Work order: Everything from the line with "The design and" down to the last line of the material below must be written out exactly. Leave out all other lines.

Provided records:
---*---
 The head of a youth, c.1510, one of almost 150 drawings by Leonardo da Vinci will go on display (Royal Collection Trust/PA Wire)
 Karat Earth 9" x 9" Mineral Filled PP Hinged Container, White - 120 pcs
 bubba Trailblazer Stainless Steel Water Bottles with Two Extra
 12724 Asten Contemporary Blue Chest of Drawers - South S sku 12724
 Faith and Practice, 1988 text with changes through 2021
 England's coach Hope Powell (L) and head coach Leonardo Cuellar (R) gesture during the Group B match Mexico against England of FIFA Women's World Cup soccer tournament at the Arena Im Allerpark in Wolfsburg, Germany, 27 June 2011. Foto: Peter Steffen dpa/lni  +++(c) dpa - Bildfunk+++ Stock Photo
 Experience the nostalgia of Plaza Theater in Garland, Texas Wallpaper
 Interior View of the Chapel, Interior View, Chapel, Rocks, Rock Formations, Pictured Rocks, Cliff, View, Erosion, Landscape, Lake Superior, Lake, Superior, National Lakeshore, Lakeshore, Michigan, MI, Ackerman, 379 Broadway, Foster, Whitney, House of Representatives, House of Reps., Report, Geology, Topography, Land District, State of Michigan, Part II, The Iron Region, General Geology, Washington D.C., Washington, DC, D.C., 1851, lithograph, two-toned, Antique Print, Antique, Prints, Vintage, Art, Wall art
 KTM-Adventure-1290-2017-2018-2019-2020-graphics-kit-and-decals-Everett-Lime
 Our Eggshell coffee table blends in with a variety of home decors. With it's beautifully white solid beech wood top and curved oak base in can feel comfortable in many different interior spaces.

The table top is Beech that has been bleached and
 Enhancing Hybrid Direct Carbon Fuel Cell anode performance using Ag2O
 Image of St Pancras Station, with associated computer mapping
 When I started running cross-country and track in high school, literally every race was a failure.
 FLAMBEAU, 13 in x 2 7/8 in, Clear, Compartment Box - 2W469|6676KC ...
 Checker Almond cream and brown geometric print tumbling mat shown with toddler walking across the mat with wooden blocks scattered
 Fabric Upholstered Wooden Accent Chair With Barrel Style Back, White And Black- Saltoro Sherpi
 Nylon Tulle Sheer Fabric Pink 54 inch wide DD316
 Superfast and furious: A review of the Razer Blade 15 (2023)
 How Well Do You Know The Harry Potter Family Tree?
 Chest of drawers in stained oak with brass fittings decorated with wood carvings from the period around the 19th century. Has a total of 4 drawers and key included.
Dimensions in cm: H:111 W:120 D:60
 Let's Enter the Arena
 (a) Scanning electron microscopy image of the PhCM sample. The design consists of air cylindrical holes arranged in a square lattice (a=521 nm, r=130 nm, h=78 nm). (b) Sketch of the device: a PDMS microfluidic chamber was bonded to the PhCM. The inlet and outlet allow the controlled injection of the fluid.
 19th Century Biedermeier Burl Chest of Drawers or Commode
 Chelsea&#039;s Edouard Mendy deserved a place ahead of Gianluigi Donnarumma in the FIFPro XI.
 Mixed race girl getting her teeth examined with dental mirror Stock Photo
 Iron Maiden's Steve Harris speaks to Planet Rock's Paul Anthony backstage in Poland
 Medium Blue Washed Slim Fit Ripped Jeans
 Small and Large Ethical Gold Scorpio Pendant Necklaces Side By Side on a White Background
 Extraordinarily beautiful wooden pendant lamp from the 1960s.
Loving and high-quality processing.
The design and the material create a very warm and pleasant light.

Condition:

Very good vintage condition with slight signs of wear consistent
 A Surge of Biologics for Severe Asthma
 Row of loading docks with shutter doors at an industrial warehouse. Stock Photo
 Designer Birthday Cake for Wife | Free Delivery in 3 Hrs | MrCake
---*---
Answer to this problem:
The design and the material create a very warm and pleasant light.

Condition:

Very good vintage condition with slight signs of wear consistent
 A Surge of Biologics for Severe Asthma
 Row of loading docks with shutter doors at an industrial warehouse. Stock Photo
 Designer Birthday Cake for Wife | Free Delivery in 3 Hrs | MrCake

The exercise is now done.